Can anybody tell me how I could overclock a pc?

I looked in the bios and didn't see any settings it would allow me to change this old dog needs a boost. Can anybody tell how to over clock a pc?


----------



## Dev in need (Mar 17, 2011)

Motherboard
Manufacturer	MICRO-STAR INTERNATIONAL CO., LTD
Model	MS-6390 (Socket A)
Version	0n31411RE101CROSS10
Chipset Vendor	VIA
Chipset Model	P4M266/KM266 (VT8375)
Chipset Revision	00
Southbridge Vendor	VIA
Southbridge Model	VT8235
Southbridge Revision	00
System Temperature	17 °C
BIOS
Brand	Phoenix Technologies, LTD
Version	3.09
Date	07/01/2003
Voltage
CPU VCore	1.616 V
AUX	3.312 V
+3.3V	3.056 V
+5V	5.268 V
+12V	2.250 V
PCI Data
Slot PCI
Slot Type	PCI
Slot Usage	Available
Bus Width	32 bit
Slot Designation	PCI0
Slot Number	0
Slot PCI
Slot Type	PCI
Slot Usage	Available
Bus Width	32 bit
Slot Designation	PCI1
Slot Number	1
Slot PCI
Slot Type	PCI
Slot Usage	In Use
Bus Width	32 bit
Slot Designation	PCI2
Slot Number	2
Slot UNKNOWN
Slot Type	UNKNOWN
Slot Usage	In Use
Bus Width	32 bit
Slot Designation	AGP
Slot Number	3

I would like to make the pc 10% faster then it is..
Can I do that by overclocking it?

Note: I can not overclock in the bios. 
How do I go about doing it?


----------



## Wrench97 (May 10, 2008)

> Note: I can not overclock in the bios.


Is this a OEM PC?
If so there really is not a way to reliably overclock it.


----------



## MPR (Aug 28, 2010)

I don't believe that your motherboard is capable of overclocking the CPU as it comes from the factory. I've seen user-unlocked BIOS "upgrades" and software overclocking programs for your motherboard but neither is recommended. Your computer is ancient as far as computers go and even if you could overclock your processor you wouldn't see much benefit with modern software. Your best bet is to save up and build anew.


----------



## Dev in need (Mar 17, 2011)

MPR said:


> I don't believe that your motherboard is capable of overclocking the CPU as it comes from the factory. I've seen user-unlocked BIOS "upgrades" and software overclocking programs for your motherboard but neither is recommended. Your computer is ancient as far as computers go and even if you could overclock your processor you wouldn't see much benefit with modern software. Your best bet is to save up and build anew.

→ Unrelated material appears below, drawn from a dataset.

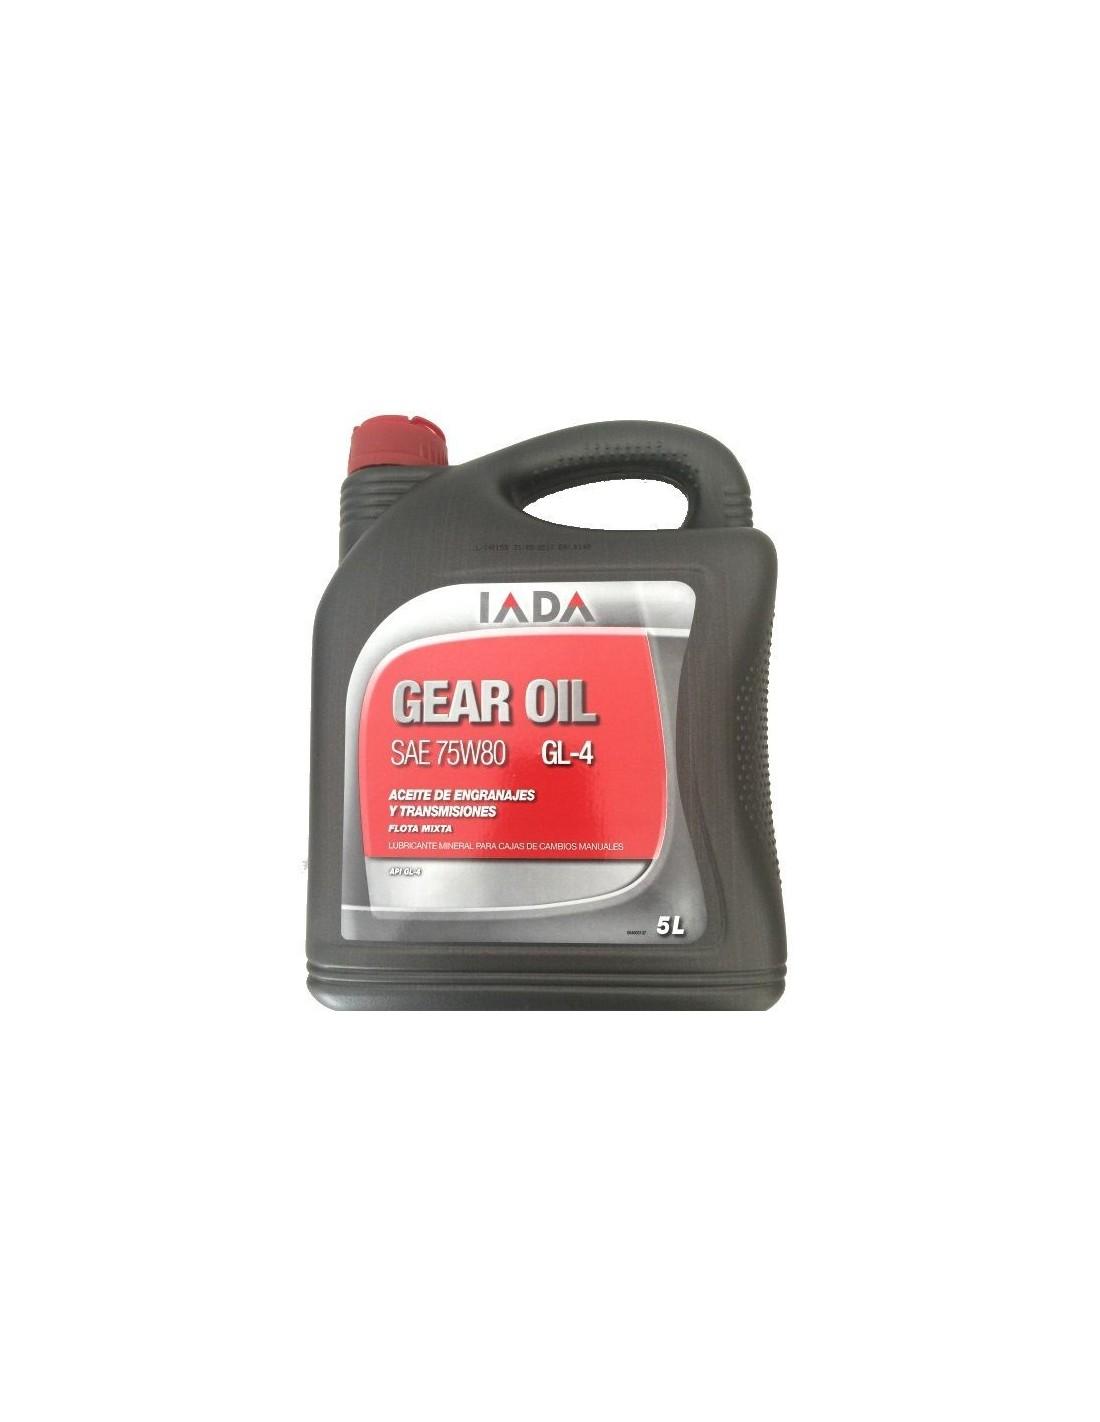 Mazda long life gear oil gl 4 5

Yeah I know its old 2003 old...

I have 3 hard drives in this pc running about 30 apps and dual booting linux mint.. For an old man, it does good. But I just needs more.. I guess I'll have to just build another and just keep this by the bed. Thanks anyways guys.


----------



## Tyree (May 10, 2009)

If you decide to build look over our suggested build list: http://www.techsupportforum.com/for...evised-2011-and-updated-regularly-448272.html


----------



## Rich-M (May 2, 2007)

Even if you could overclock something so old, why? You would surely kill it that way.


----------